Technology in Motion (TiM)

The Technology in Motion (TIM) project aims to develop innovative ICT technologies that facilitate uniform evaluation of motor function and to embed these technologies in medical practice, both in diagnosis and treatment. Affordable RGB-D cameras (such as Microsoft KinectTM) and modern computer-vision techniques are used to perform accurate, markerless tracking of the motion of patients, and machine-learning techniques are developed to characterize each individual patient by means of a “motion phenogram” that captures all key properties of the movements.

These innovative technologies will be used to examine movements of the upper extremity (the arm, hand and fingers) and gait and balance, using Augmented Reality to challenge the patient’s adaptive ability. This may provide a more sensitive indicator of problems experienced in daily life.
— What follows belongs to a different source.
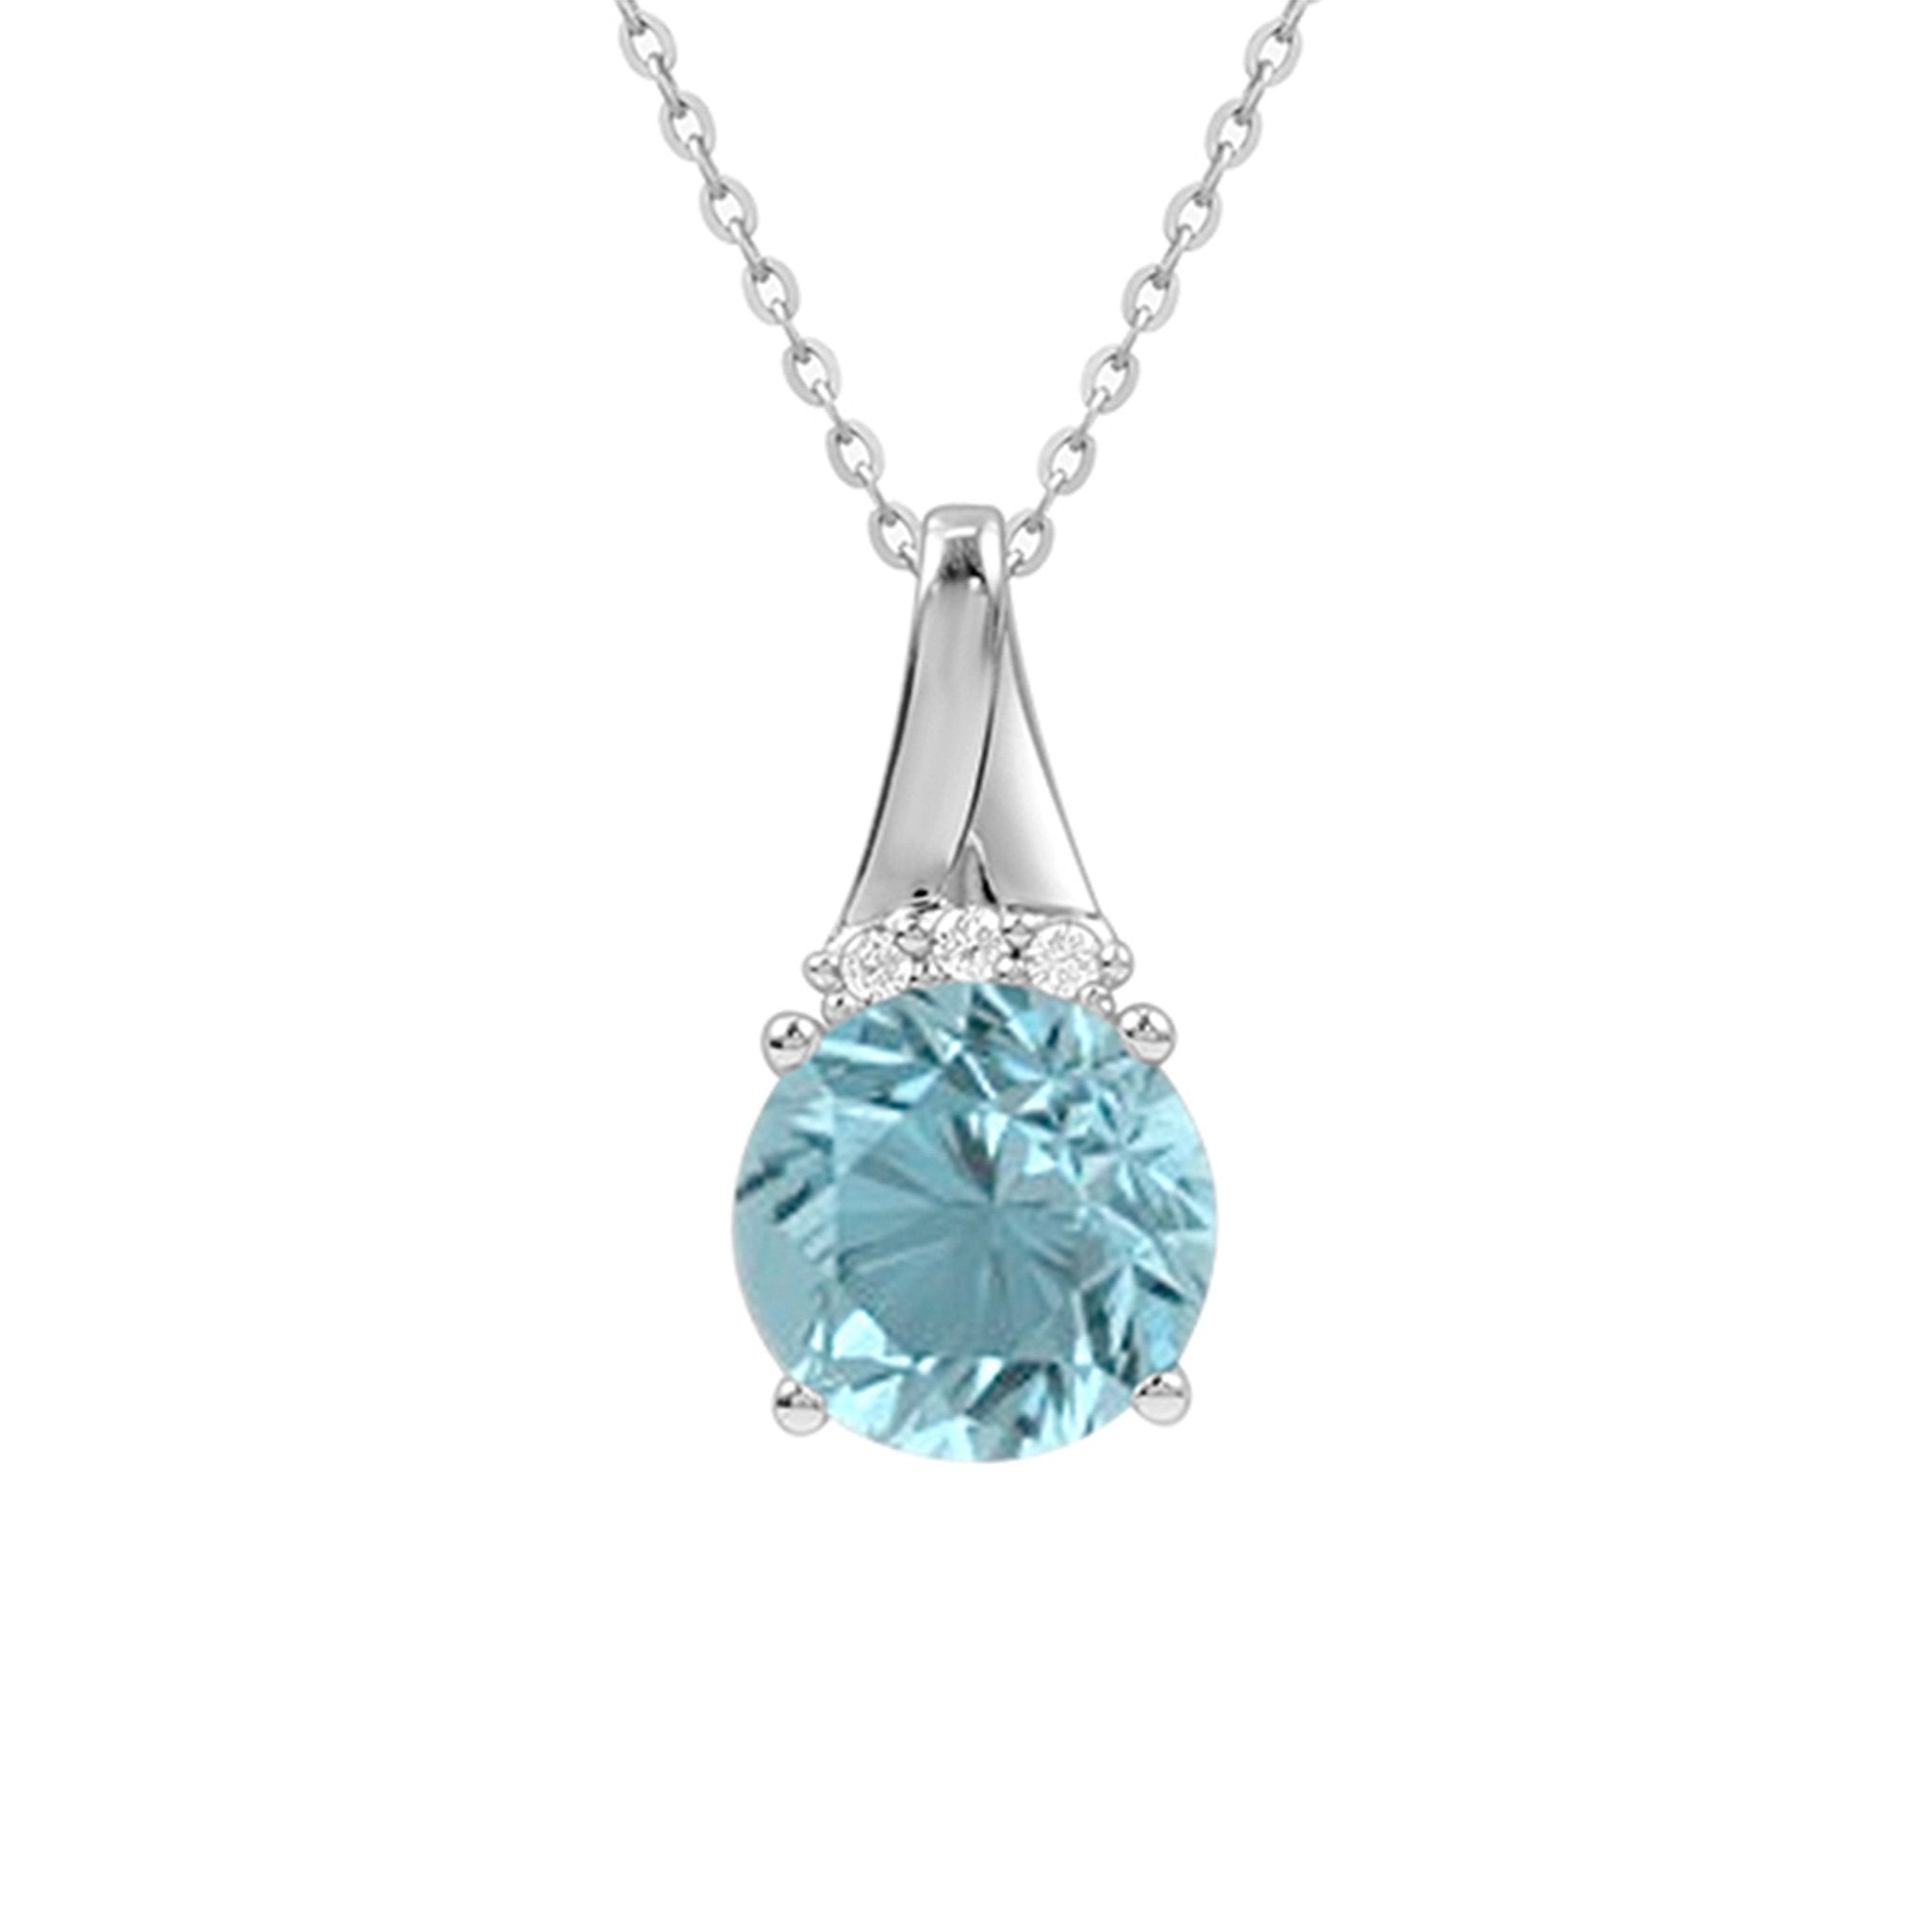 Round Blue Topaz Pendant Necklace with Diamonds Necklaces Estella Collection #product_description# 14k Birthstone Blue Gemstone #tag4# #tag5# #tag6# #tag7# #tag8# #tag9# #tag10#

For example, the Interactive Walkway (IWW) does not only allow for collecting various gait parameters (such as walking speed, cadence, step length and step symmetry) during unperturbed walking at a self-selected, comfortable walking speed, but also for assessing various aspects of gait adaptability and gait-environment interactions, including targeted stepping, sudden stopping, time-pressured turning, sudden obstacle negotiation and walking at an imposed speed. Movement-dependent augmented reality (such as visual stepping targets, obstacles, and barriers) is projected on the walking surface, for example to examine whether a patient is able to adequately avoid an obstacle that suddenly appears in the motion path, or to test how robust this  performance is when a cognitive dual task is administered or when distractors are presented.

With these setups for assessment of “upper extremity movements” and “gait and balance” the TIM project aims to further develop low cost setups for unobtrusive, sensitive, reliable and valid quantification of motor (dys)function and contributing motor, sensory and/or cognitive factors. Efficient, unobtrusive, and patient-friendly assessment setups may help physicians and physiotherapists to characterize an individual’s movement pattern, select the optimal strategy for the treatment of a specific patient, and to monitor changes in motor function over time or in response to the selected treatment.